In a response, also published online, the Bank acknowledges that it

should have done more in the past but says its current programmes are

well-funded, well-staffed and delivering results.

Professor Attaran and colleagues say the new plan " is inadequate to

reverse the Bank's troubling history of neglect for malaria " . The Bank

at first refused to disclose how much it had spent on malaria in each

country, say the authors, but eventually published accounts in April

2005 showing that in the previous five years it had committed

$100m-$150m to malaria programmes. It had also spent non-earmarked

funds on malaria it says are " difficult to quantify " , says the article.

" The most disturbing fact, however, is that the Bank actually does not

know, and at best guesses, how much money it spends or loans for

malaria, " say the authors. " No commercial high-street bank could keep

such imprecise accounts for its clients without running a serious risk

of civil or criminal illegality. "

In 1998 the Bank had seven staff dedicated to malaria.
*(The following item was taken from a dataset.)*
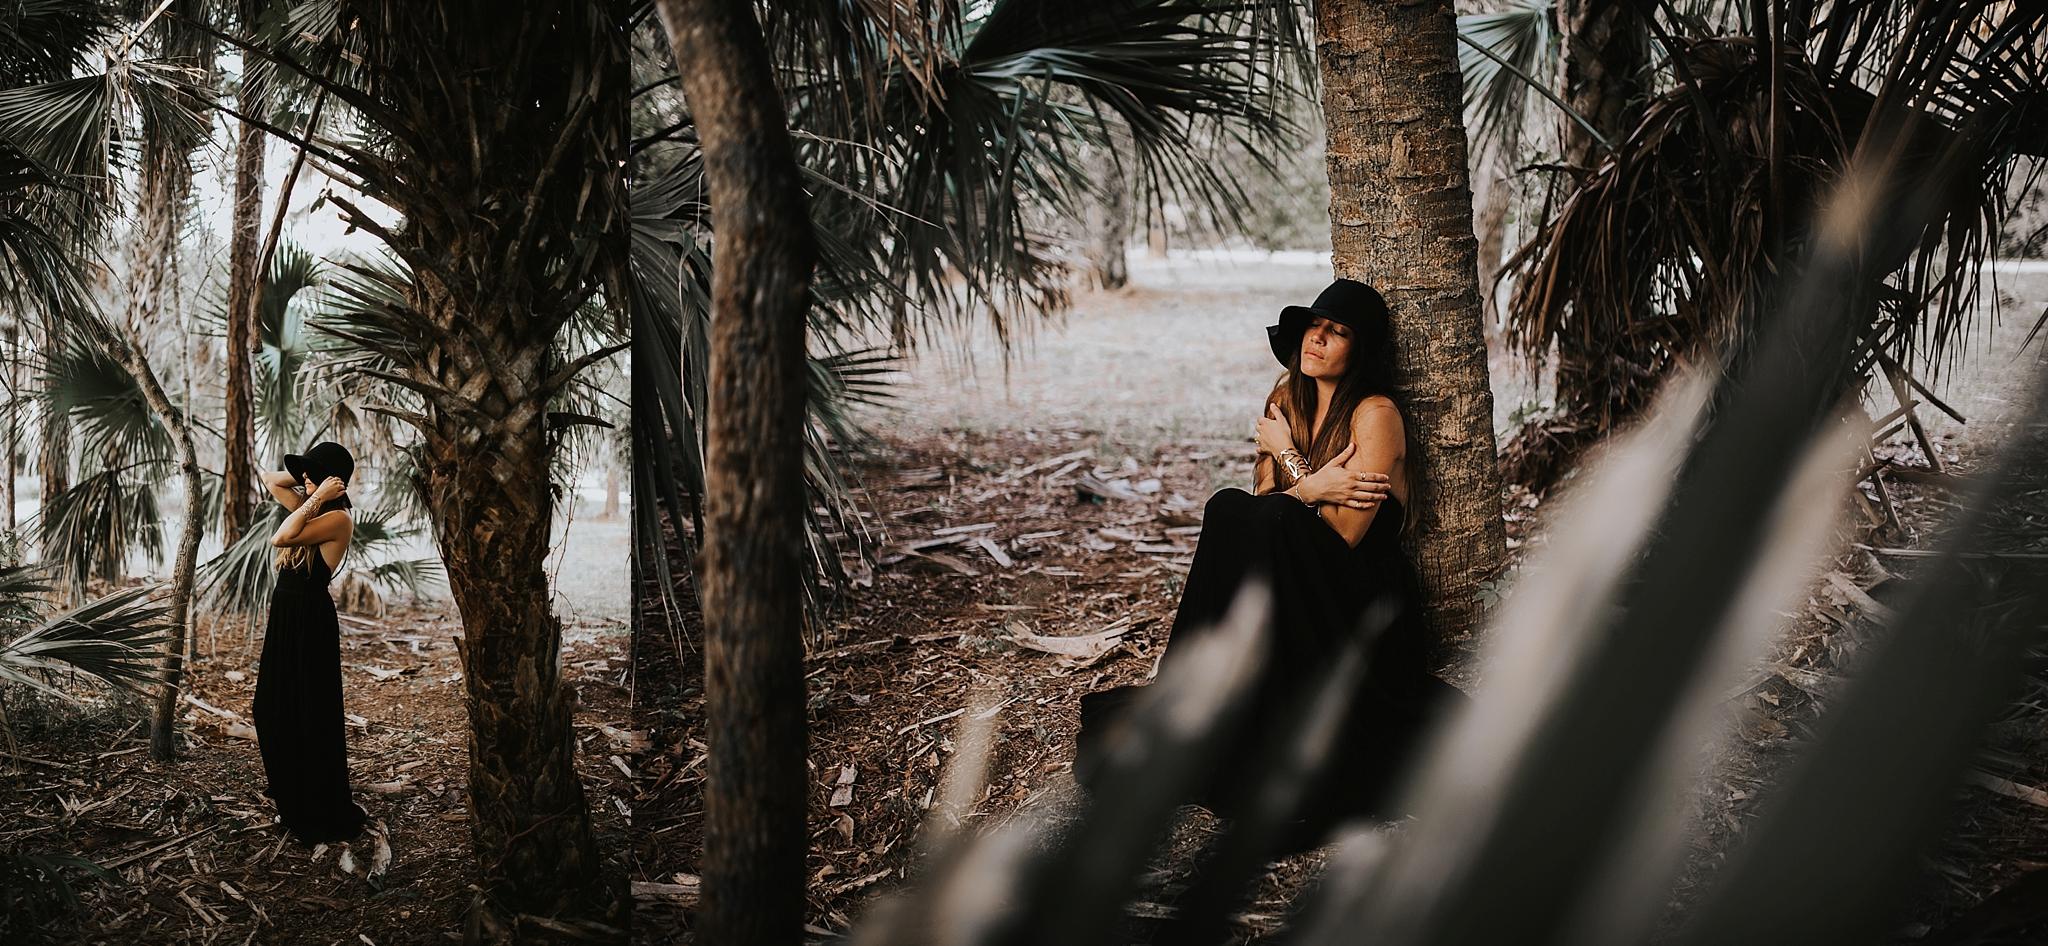 twyla jones photography - treasure coast - florida family photography riverbend park jupiter florida-5930.jpg

By 2002 it had

none. " Without even a single worker, the malaria programme could do

little ... we cannot know what lay behind the downsizing of the Bank's

malaria team and whether the reduction in staff is explained by

careless management or an intention to renege on the funds pledged to

Africa. Regardless, funds stalled just as Africa's malaria cases rose

sharply, destroying several million children's lives and deepening the

poverty the Bank had promised to ameliorate, " they write.

The Bank says malaria cases in Brazil dropped by 60% between 1989 and

1996 as a result of its programmes there. Prof Attaran and colleagues

say the figure was 23%. The Bank claimed malaria deaths in three

Indian states, Gujarat, Maharashtra and Rajasthan, dropped by 58%, 98%

and 79% between 2002 and 2003. The authors obtained statistics from

India's directorate of national vector-borne diseases control

programme. In that year, " far from malaria cases declining in the

three states the Bank names, actually the numbers rose sharply in all

of them " , they write.

The Bank, they conclude, " remains unfit for any operational role

whatsoever in malaria control " . They call for its role to be passed to

other agencies, principally the Global Fund to fight Aids,

Tuberculosis and Malaria.

Jean-Louis Sarbib and colleagues, for the World Bank, say it is

difficult to be specific about the sums spent on malaria, some of

which will have gone to improve healthcare systems, the training of

staff and the provision of drugs for a variety of diseases, not just

one. They reject accusations the Bank has funded chloroquine for areas

of India where it no longer works because of resistance that has built

up in the parasite which causes the disease.

Mr Sarbib and colleagues say the World Bank is dedicated to fighting

malaria. " Wolfowitz has put the full weight of his leadership

behind the Bank's renewed commitment to malaria, " they say.

But the Lancet points out that " malaria was absent from Wolfowitz's

policy speech on April 11 ... instead, he emphasised reducing

corruption in recipient governments by increasing the Bank's

department of integrity staff from 53 to 65 " . If the Bank is serious

about results, the journal says, it needs to focus on the Abuja 2000

target of halving mortality by 2010.

Parasite facts

• Malaria is caused by a parasite passed by an infected female

Anopheles mosquito. There are four species of parasite, of which the

two most common are Plasmodium falciparum and Plasmodium vivax.

• Symptoms include extreme exhaustion with high fever, sweating,

shaking chills and anaemia.

• Patients need treatment within 24 hours to avoid risk of severe

disease, which has a high fatality rate.

• Resistance to commonly used drugs has grown rapidly. The new hope is

the artmisinin compounds, derived from a Chinese herb.